6.4 Variability over Time

Next we will look at the changes in variability in backscatter values over time for each of the CORINE Land Cover types. We do this by creating the following interactive plot. We can spot that backscatter in agricultural fields varies due to seasonal cycles like planting, growing, and harvesting, each of which changes vegetation structure. Changes in backscatter are strongly related to soil moisture content from irrigation or rainfall. Ultimately, phenological stages of crops and canopy moisture dynamics can affect the backscatter signal.

hv.extension("bokeh")

robust_min = var_ds.sig0.quantile(0.02).item()
robust_max = var_ds.sig0.quantile(0.98).item()

bin_edges = [
    i + j * 0.5
    for i in range(int(robust_min) - 2, int(robust_max) + 2)
    for j in range(2)
]

land_cover = {"\xa0\xa0\xa0 Complete Land Cover": 1}
land_cover.update(
    {
        f"{int(value): 02} {color_mapping[value]['label']}": int(value)
        for value in present_landcover_codes
    }
)
time = var_ds.sig0["time"].values

rangexy = RangeXY()


def load_image(time, land_cover, x_range, y_range):
    """
    Callback Function Landcover.

    Parameters
    ----------
    time: panda.datatime
        time slice
    landcover: int
        land cover type
    x_range: array_like
        longitude range
    y_range: array_like
        latitude range

    Returns
    -------
    holoviews.Image
    """

    if land_cover == "\xa0\xa0\xa0 Complete Land Cover":
        sig0_selected_ds = var_ds.sig0.sel(time=time)

    else:
        land_cover_value = int(land_cover.split()[0])
        mask_ds = var_ds.land_cover == land_cover_value
        sig0_selected_ds = var_ds.sig0.sel(time=time).where(mask_ds)

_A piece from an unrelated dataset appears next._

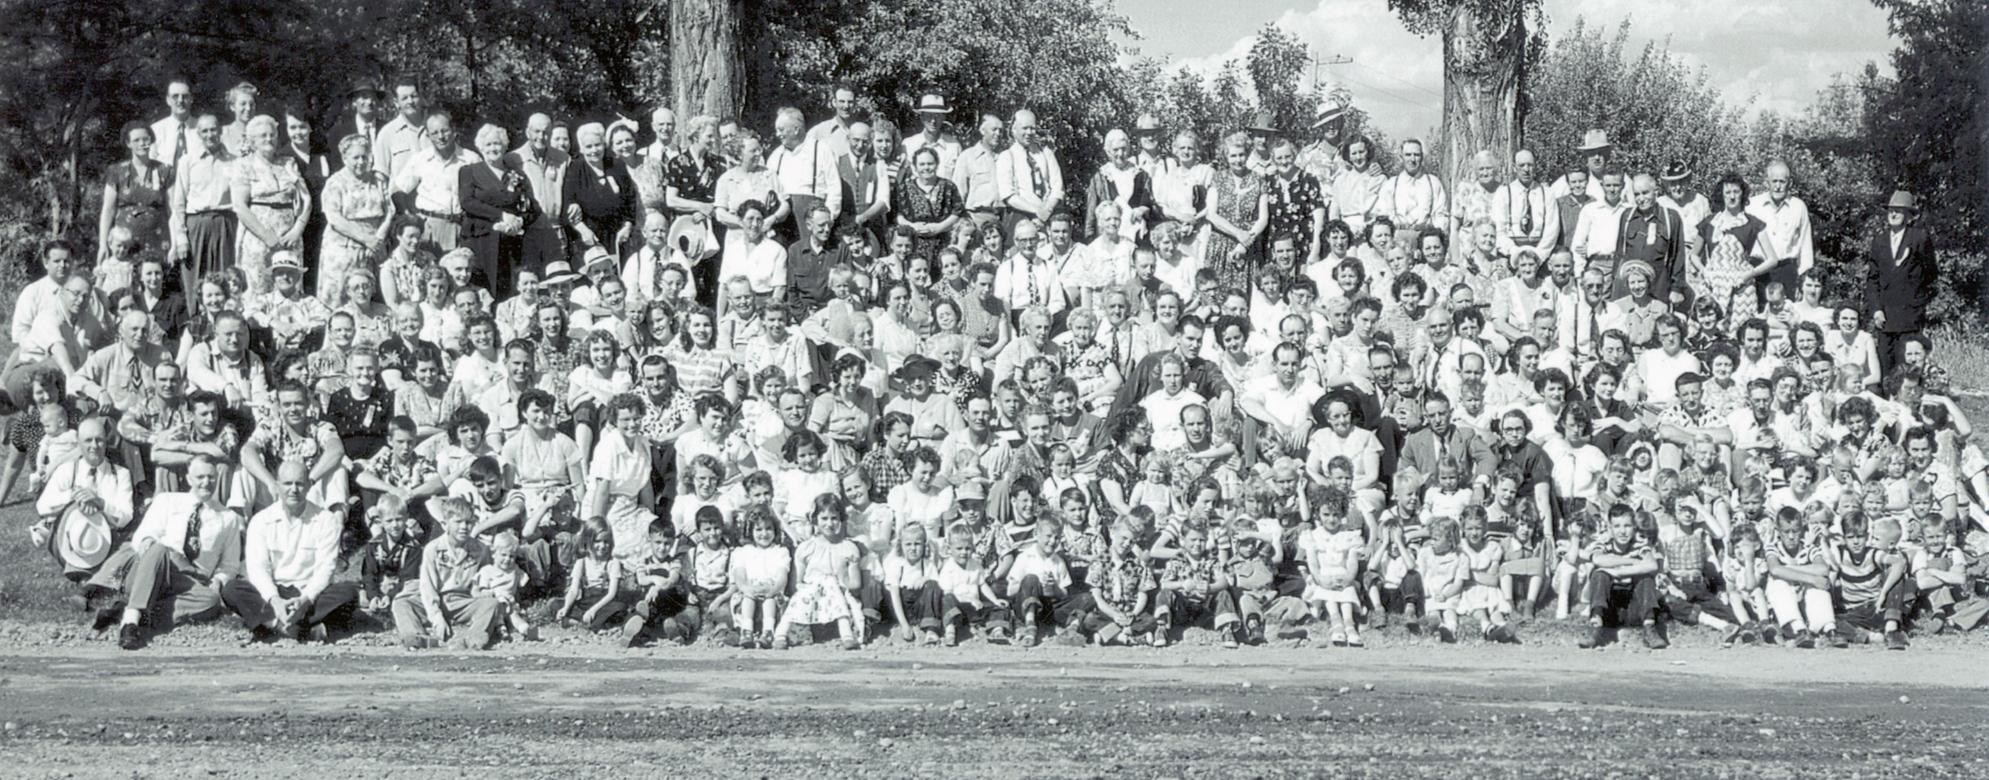 fam-org-reunions-slide-3-tolman-reunion-1951-idaho-falls

    hv_ds = hv.Dataset(sig0_selected_ds)
    img = hv_ds.to(hv.Image, ["x", "y"])

    if x_range and y_range:
        img = img.select(x=x_range, y=y_range)

    return hv.Image(img)


dmap = (
    hv.DynamicMap(load_image, kdims=["Time", "Landcover"], streams=[rangexy])
    .redim.values(Time=time, Landcover=land_cover)
    .hist(normed=True, bins=bin_edges)
)

image_opts = hv.opts.Image(
    cmap="Greys_r",
    colorbar=True,
    tools=["hover"],
    clim=(robust_min, robust_max),
    aspect="equal",
    framewise=False,
    frame_height=500,
    frame_width=500,
)

hist_opts = hv.opts.Histogram(width=350, height=555)

dmap.opts(image_opts, hist_opts)